Они сидели в верхней маленькой комнате, где обычно обедали старшие чины комендатуры. Супронович выставил бутылку шнапса с хорошей закуской. В небольшое окошко, из которого был виден белый купол вокзала, с порывами ветра ударяли мелкие снежинки. Наконец-то после затяжной осени запахло зимой. Морозы еще не остановили Лысуху, но по утрам у берегов белела ледянистая кромка. А снегу пока мало…
Андрей Иванович перевел тяжелый взгляд на Супроновича. «Крепок еще!» – подумалось тому.
Как-то подвыпивший Ганс на потеху Бергеру подзадорил старика на лужке возле дома:
– Русский Иван ошень слабый против немца! – И подтолкнул его: – Давай бороться, папашка?
Андрей Иванович снял пиджак, неторопливо закатал рукава ситцевой рубахи и по русскому обычаю схватился с беловолосым верзилой крест-накрест. Минуты три они топтались на траве, сапогами взрывая луг до черной земли, – молодой Ганс был силен, ничего не скажешь. Чувствуя, что начинает задыхаться, Абросимов поднатужился, присел и, будто мешок с отрубями, перекинул через себя немца. Ганс с каким-то утробным звуком шмякнулся наземь и не сразу поднялся: от боли и бешенства – он ушиб плечо – у него побелели глаза. Сначала он встал на колени, затем на ноги, секунду пристально смотрел на Абросимова, потом улыбнулся, протянул широкую ладонь и сказал:
– Ты есть тут чемпион… – Не найдя слова, повел рукой вокруг. – Я есть чемпион Шварцвальда! – И потыкал себя пальцем в грудь.
Но Абросимов знал: схватись с ним Ганс еще раз – дыхания не хватило бы сладить, и так в правом боку закололо, а сердце колоколом забухало…
– Мой бог, какой позор, – с презрением сказал денщику по-немецки разочарованный Бергер: он ожидал совсем другого. – Потерпеть поражение от старика! Я не верю, что ты был чемпионом.
– У меня есть диплом, – сконфуженно оправдывался Ганс.
– Пристрели его! – приказал гауптштурмфюрер. – А то ведь растреплет всем, что положил на обе лопатки чемпиона… Русский не может победить немца, Ганс!

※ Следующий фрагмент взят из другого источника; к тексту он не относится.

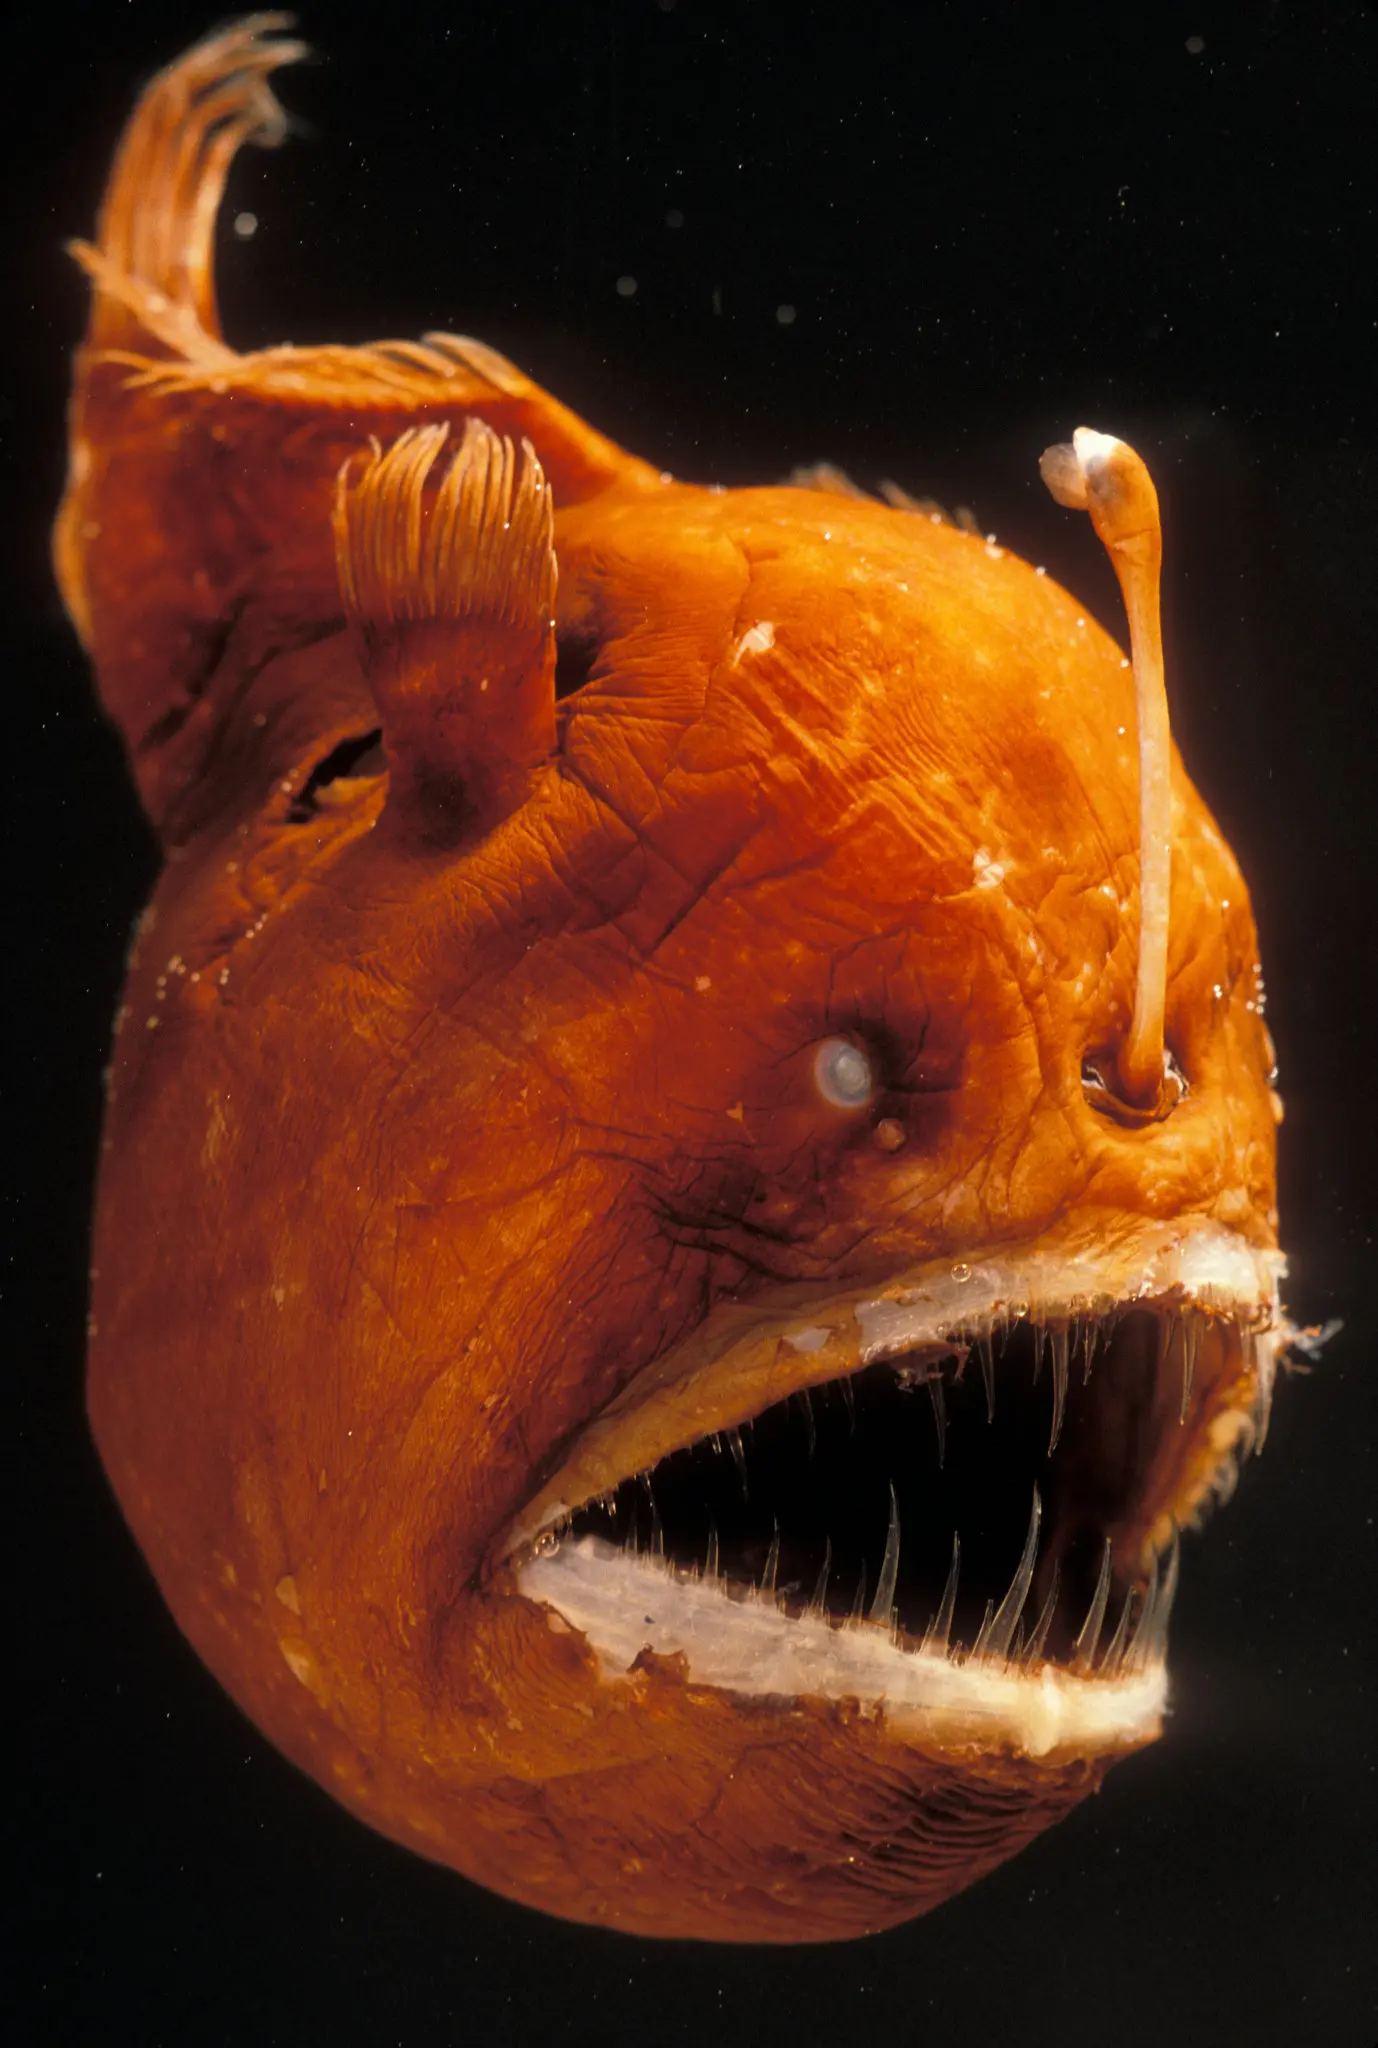 The Creepy Anglerfish Comes to Light. (Just Don't Get Too Close.)

Хотя Абросимов и не понимал немецкого языка, он догадывался, о чем они толкуют… Однако на этот раз пронесло. Поразмыслив, Бергер решил, что не стоит так поступать с русским. Это озлобит односельчан, подорвет доверие к освободителям.

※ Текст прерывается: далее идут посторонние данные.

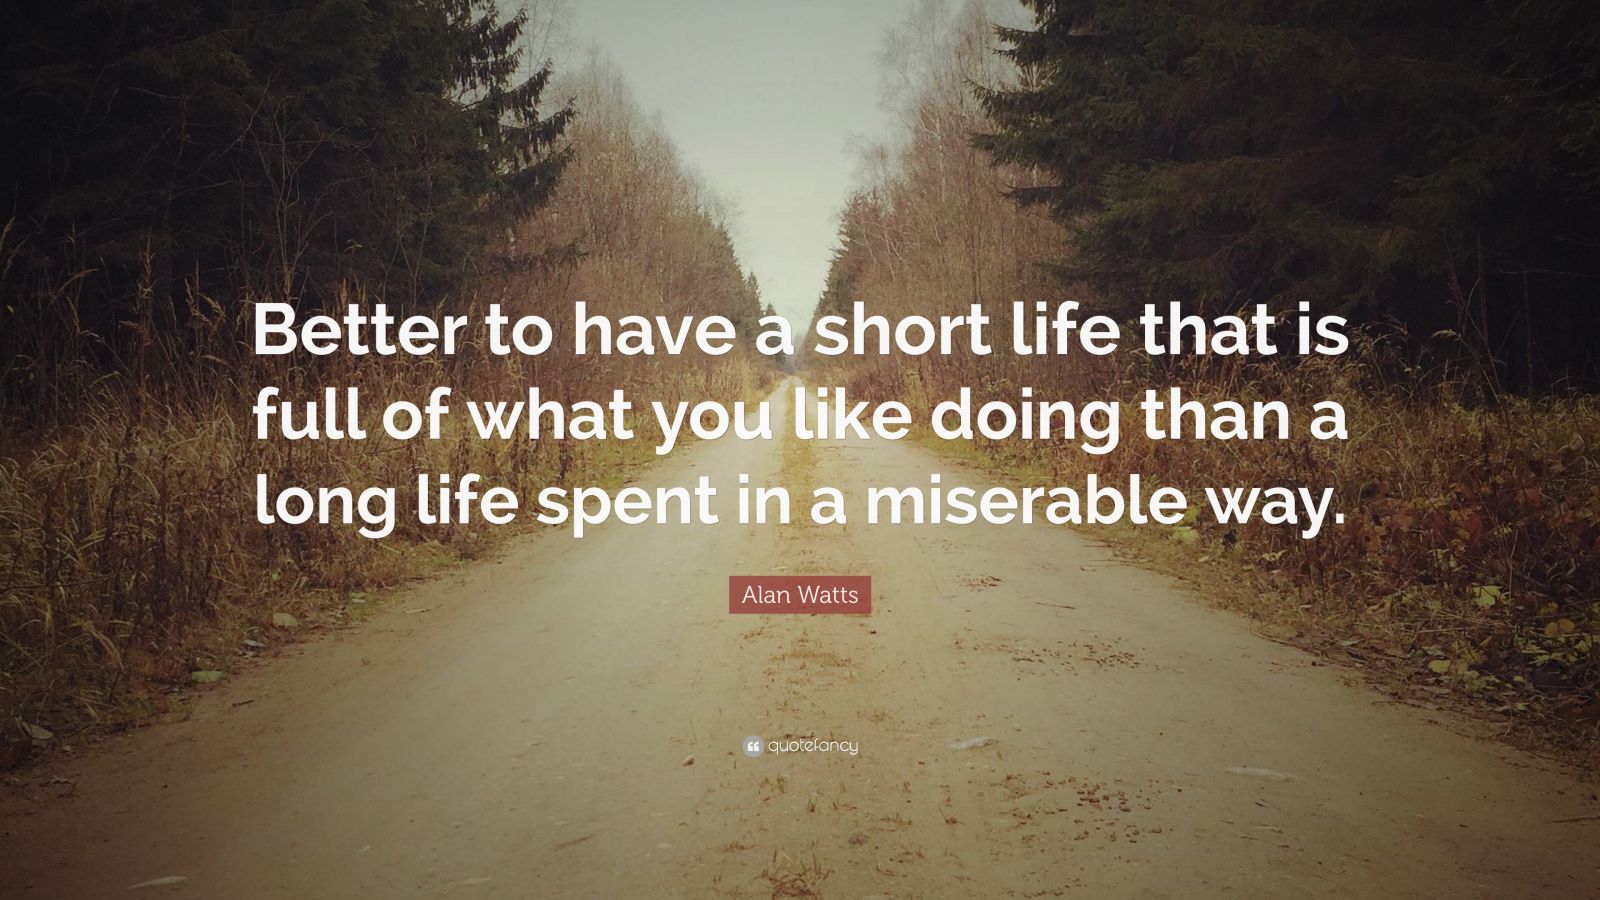 Alan Watts Quote: “Better to have a short life that is full of what you ...

– Хорошо, Ганс, – сказал он. – Будем считать, что это произошло случайно, но, если честно говорить, ты меня разочаровал…
– Так сказывай, Яков Ильич, зачем позвал, – сказал Абросимов. – Я тебя, слава богу, знаю: даром не любишь угощать.
– Мы же с тобой как-никак родственники, – заметил Супронович.

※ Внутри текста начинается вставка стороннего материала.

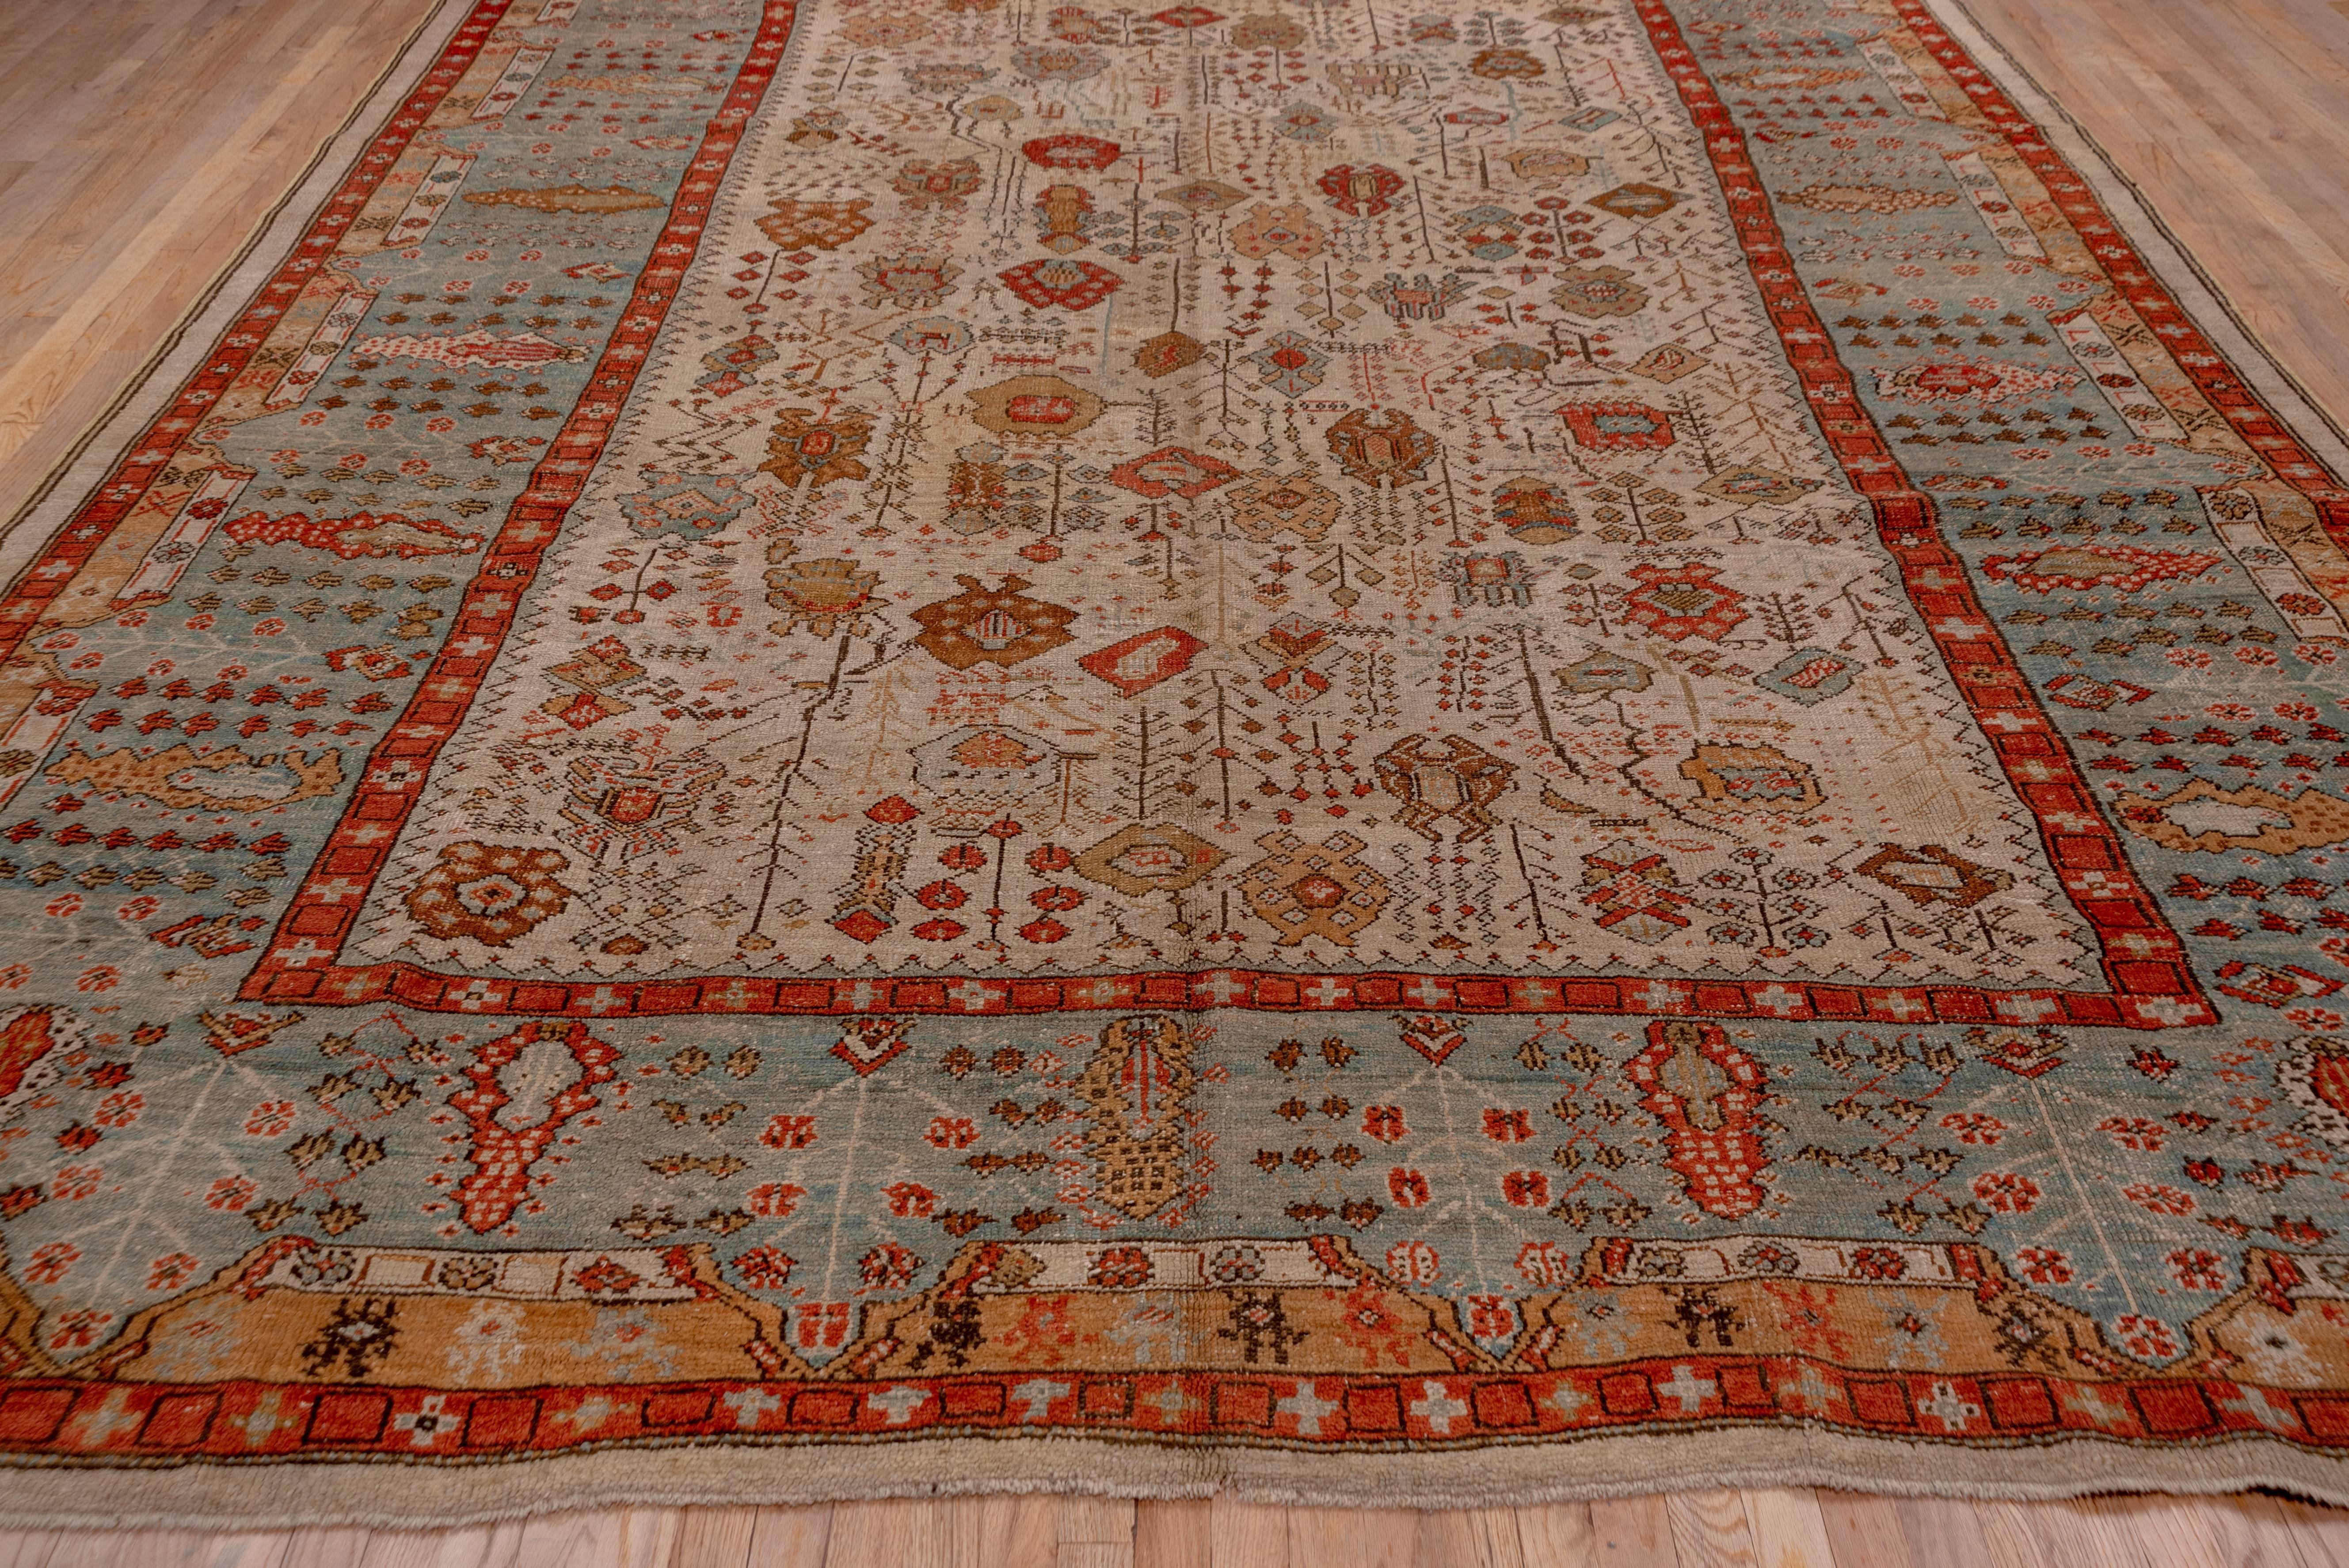 Ghiordes is near to Oushak and influences pass in both directions. This attractive west Anatolian workshop carpet displays a relatively small ivory field decorated with highly abstract palmettes, stem segments, bud arrays and geometric devices. The

– А ты и родственников особо не балуешь… Вон внук твой бегает по поселку в драных портках, а Семен с подносом шастает в казино… тьфу, слово-то какое-то нерусское, грёб твою шлёп!
– Семену я не указ, – помрачнел Яков Ильич. – На базу прорабом не хочет, хоть он и кумекает в строительном деле. Я бы его в долю взял, так тоже выкобенивается… Варвара ему на мозги капает! Ночная кукушка кого хошь перекукует. И чего ей новая власть не по нраву? Сенька на базе большую деньгу заколачивал бы: прорабы и инженеры у них в почете. А Варька все назад оглядывается, думает, снова над поселковым Советом красный флаг заколышется…
– Наполеон Бонапарт Москву взял, а потом все одно из России за милую душу со своим беспортошным воинством драпал!
– То Бонапарт, а эти насовсем пришли, Андрей Иванович, – придал своему голосу убежденность Супронович. – Тебе надо это понять.
– Да когда такое было, грёб твою шлёп, чтобы русский человек под басурманом находился?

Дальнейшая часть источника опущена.